British Airways has begun cancelling hundreds of flights ahead of the next strike by pilots on 27 September.
Tens of thousands of BA passengers are expected to be hit by the disruption which follows a two-day strike on Monday and Tuesday this week when 1,700 flights were cancelled affecting 195,000 people.
The dispute over pay involves members of the British Airline Pilots’ Association (Balpa).
British Airways has offered a pay rise of 11.5% over three years, which it says would boost the pay of some captains to £200,000, but Balpa says its members want a bigger share of the company’s profits.
Both sides have said they want to resume talks, but there is little sign of the deadlock being broken.
The airline began contacting affected passengers on Thursday afternoon, 15 days ahead of the strike.
Under EU law, passengers are only entitled to compensation if they receive less than 14 days’ notice of a cancellation.
Balpa said it “set a gap between the first and second periods of strike action to give BA time to work with us to settle this dispute with their pilots”.
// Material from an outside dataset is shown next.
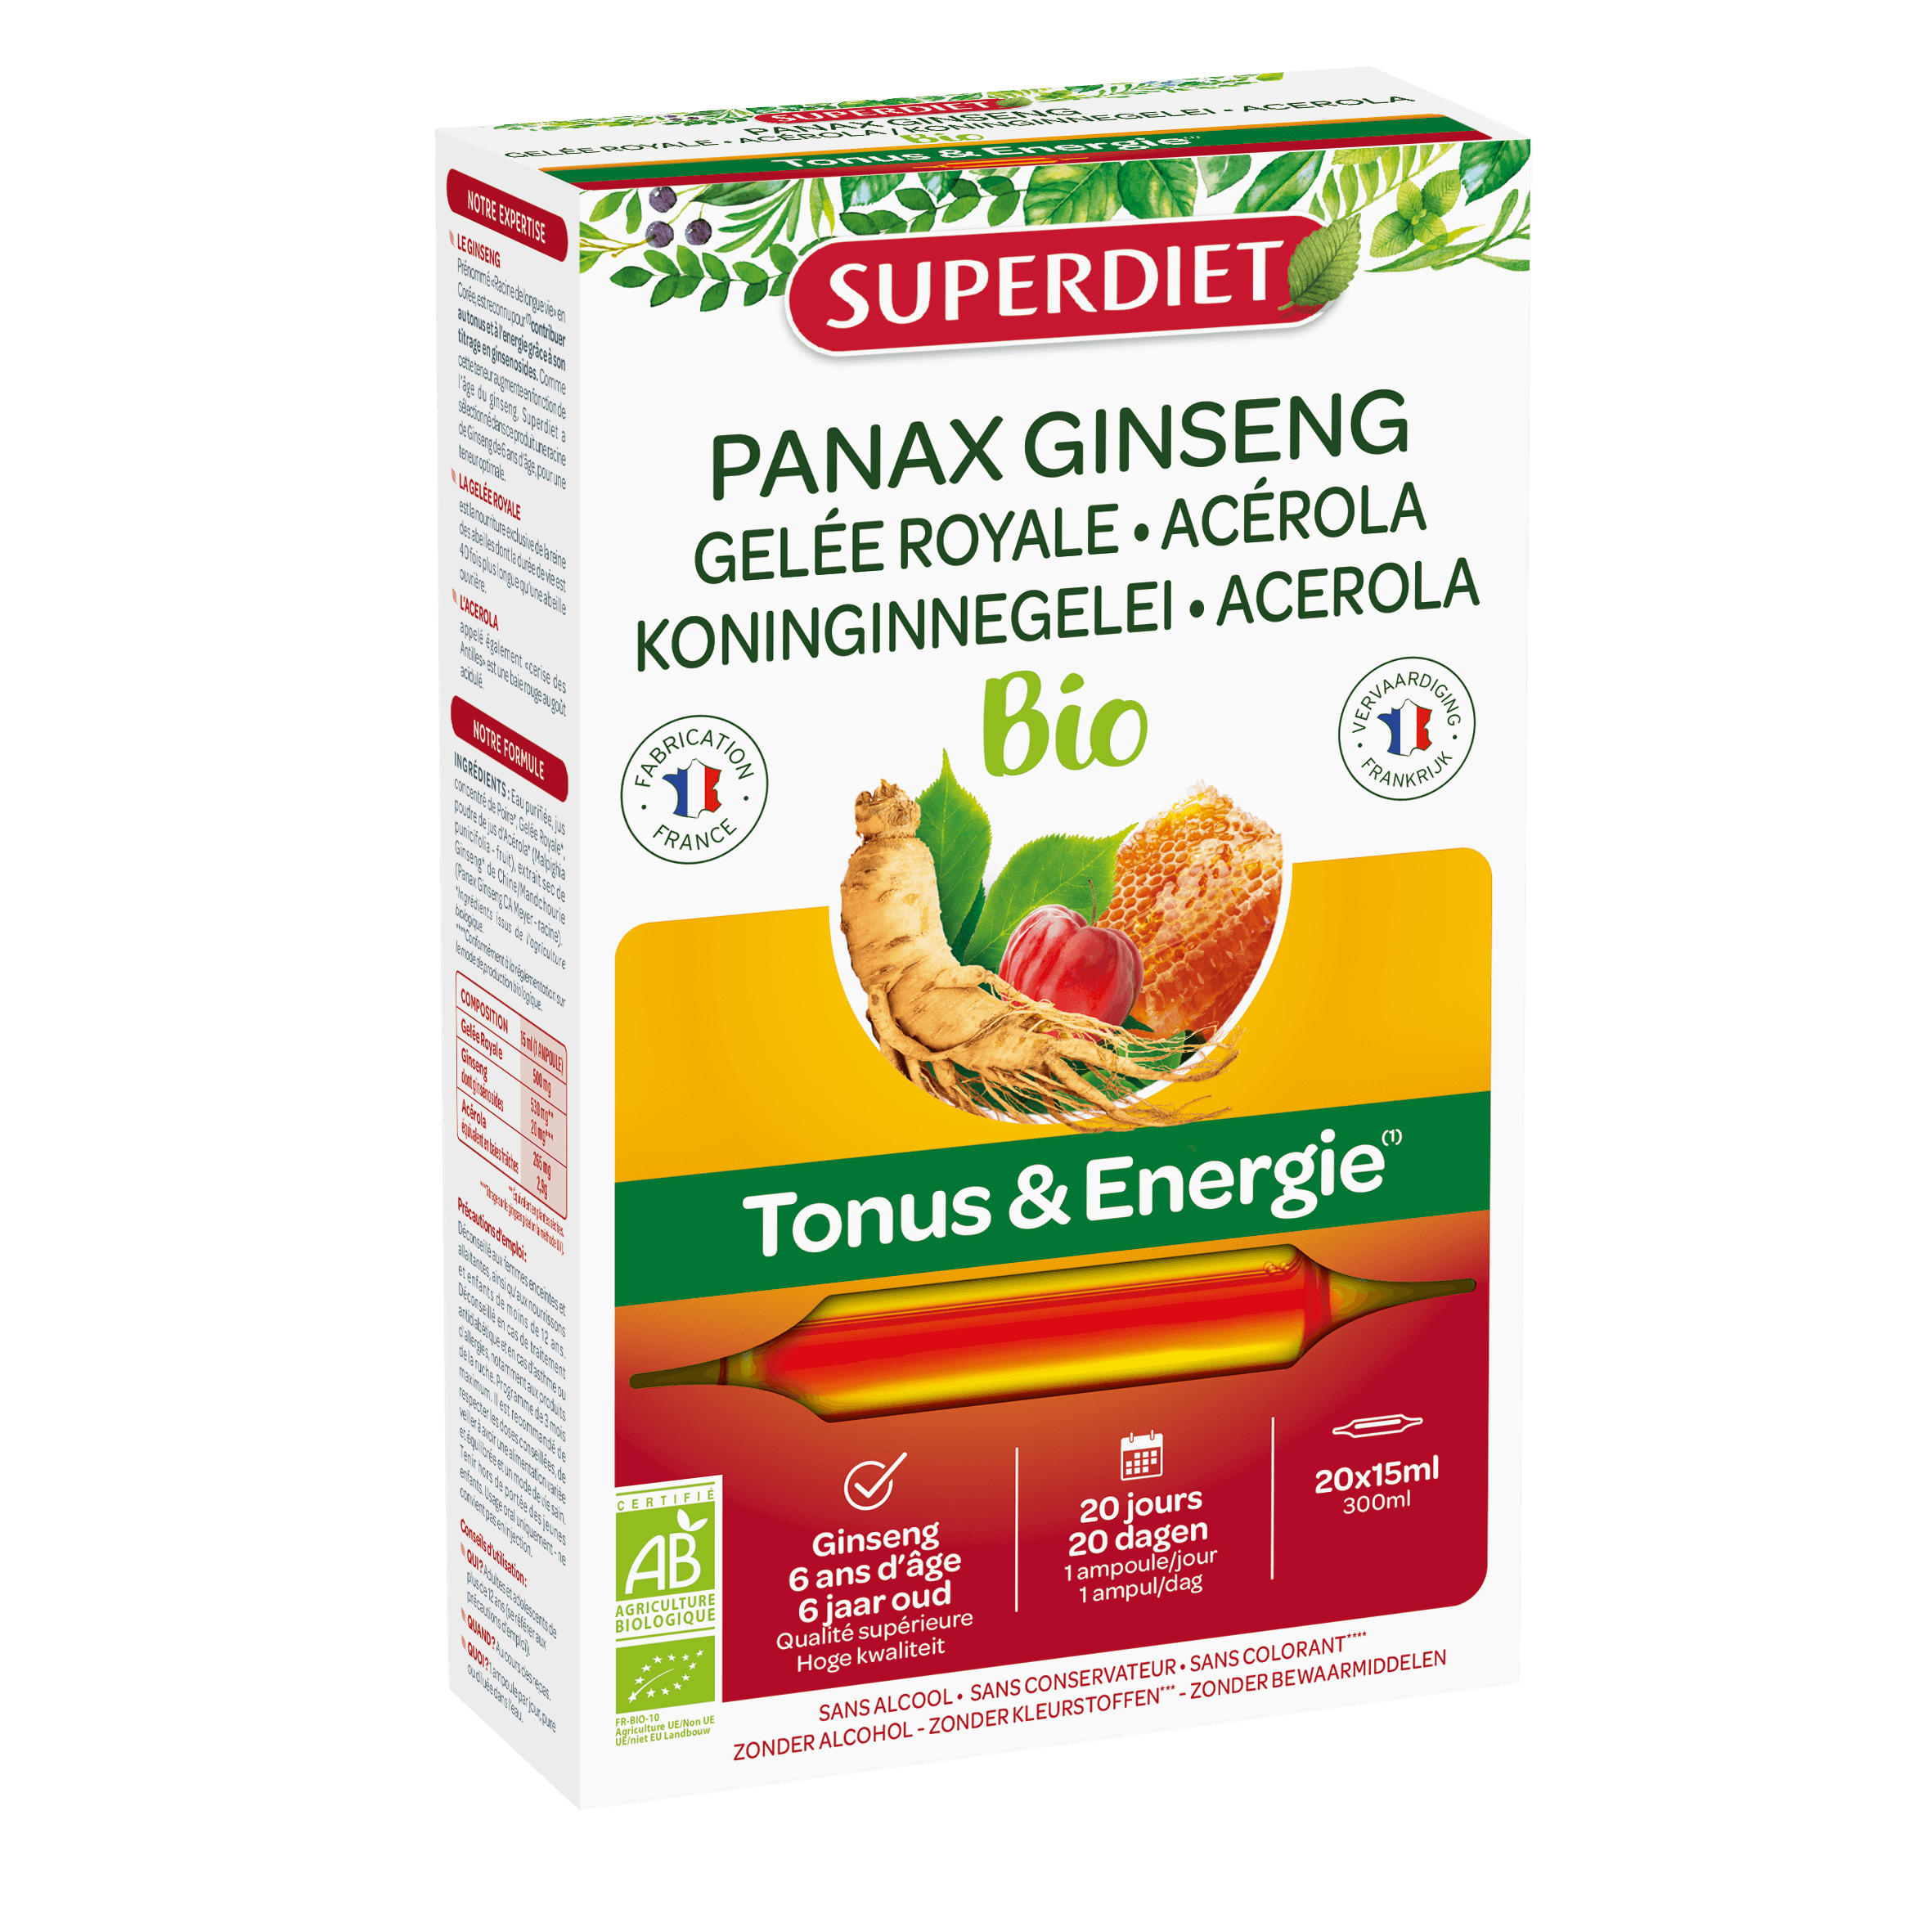 Super Diet Ginseng gelée royale acerola bio 20x15ml PL 483/277

“We had today been exchanging new ideas to do that via Acas (the independent arbitration service) and so it’s irresponsible and inconsiderate to its customers that BA has pulled out and decided to start cancelling flights now, just to save money on compensation.”
A spokeswoman for BA said: “We have put forward new ideas through Acas this week and have called on Balpa to meet us face to face as soon as possible to return to negotiations.
“However, we need to give our customers certainty, so we have contacted all those affected by the union’s strike on September 27.”
When BA cancelled flights ahead of this week’s walkout, many passengers complained about difficulties contacting the airline, while some were sent cancellation emails in error.
The airline said it had added extra staff to its customer relations teams and had up to 900 people answering phones at peak times.